I'm running Debian. If I use Python's scapy module to formulate a UDP packet, and add a payload bigger than about 1500 bytes, my program crashes, even though the maximum payload of UDP is supposed to be 65,507 bytes.
Is there some Linux setting that prevents me from creating a large UDP packet? Can I adjust the setting?
Edit: I'm creating packets in a loop in Python, and I'm racing against the clock. The program is a traffic generator that is meant to generate traffic at a set limit (ex: 500 packets per second). If it's set for 500 packets per second for example, it only has one second to generate 500 packets, because in the next second, it will have another 500 packets to generate, so it can't fall behind.

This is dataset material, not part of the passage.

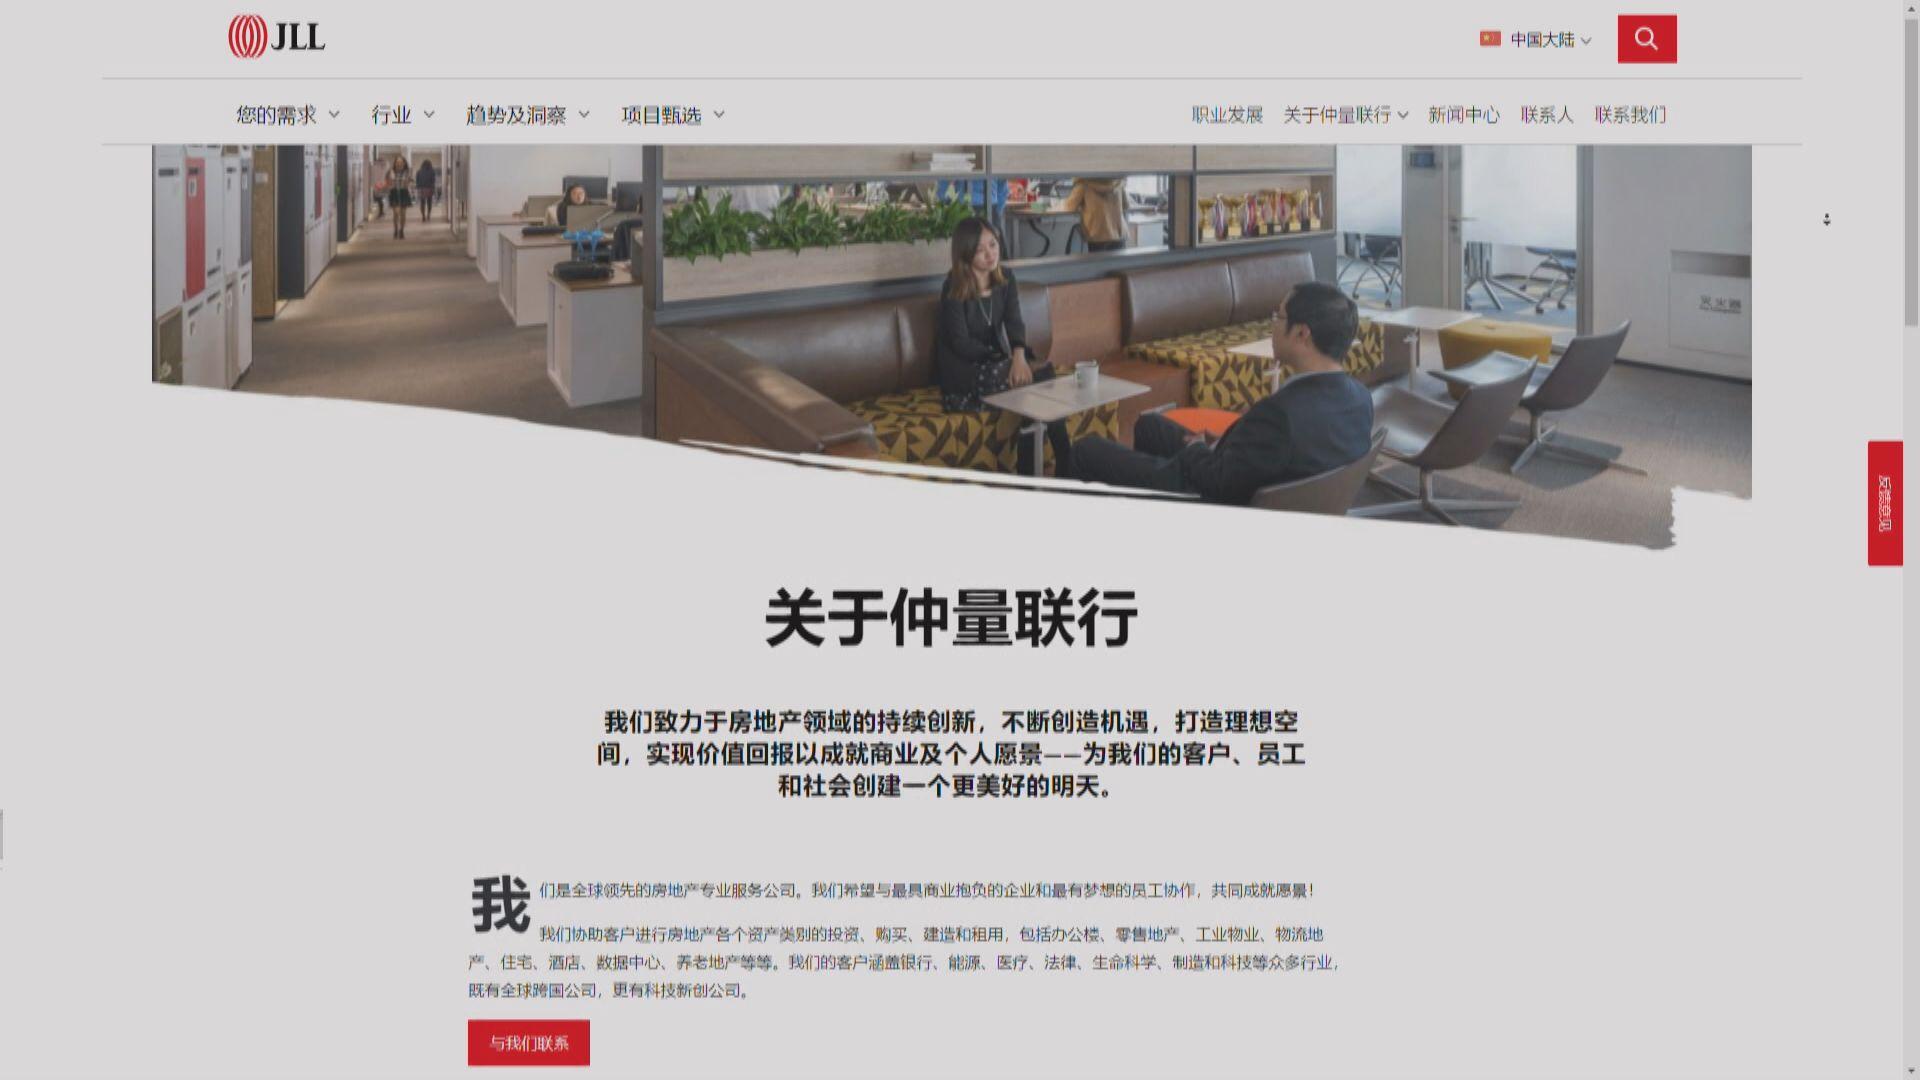 彭博:仲量聯行擬售中國物管業務
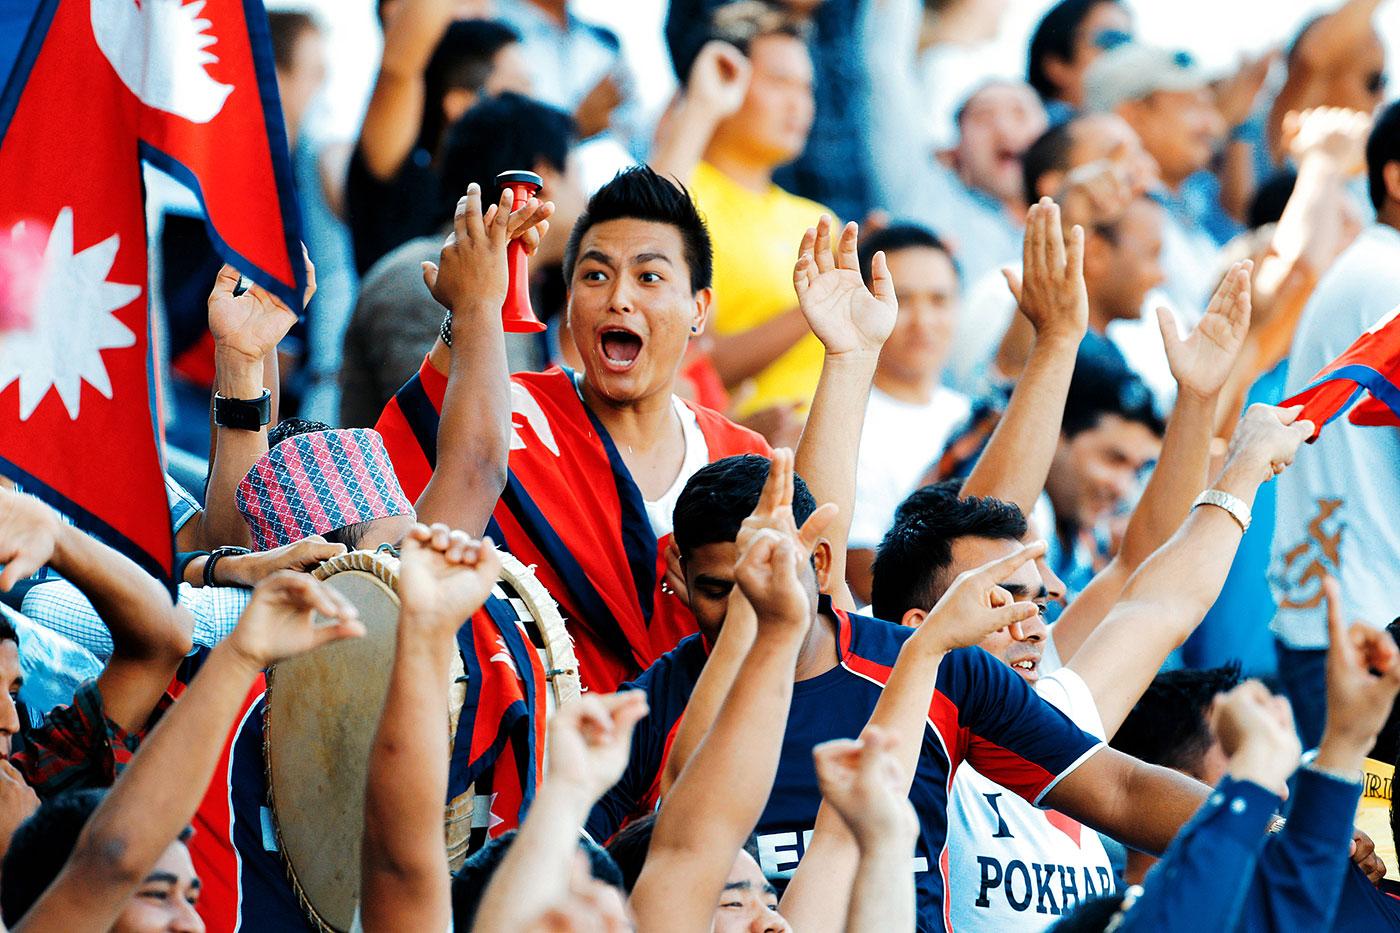 Nepal fans celebrate

Right now, I'm hitting a limit of about 400 packets per second before it can't keep up. There are a few solutions to this in theory:
- Use multithreading - something I plan to look into
- Create bigger UDP packets, resulting in less overhead
- What I'm looking into now
Yes, if I make UDP packets with a payload bigger than 1500 bytes, they will be fragmented. From what I understand, the Kernel will handle that. What I'm hoping for is that the kernel, written in C, can fragment a single, large UDP packet into multiple packets and send them out faster than my Python can generate multiple smaller packets. I'm not sure if this is true or not, but it's very easy to test, assuming I can tell the kernel to stop dropping my large UDP packets and actually fragment them and send them out.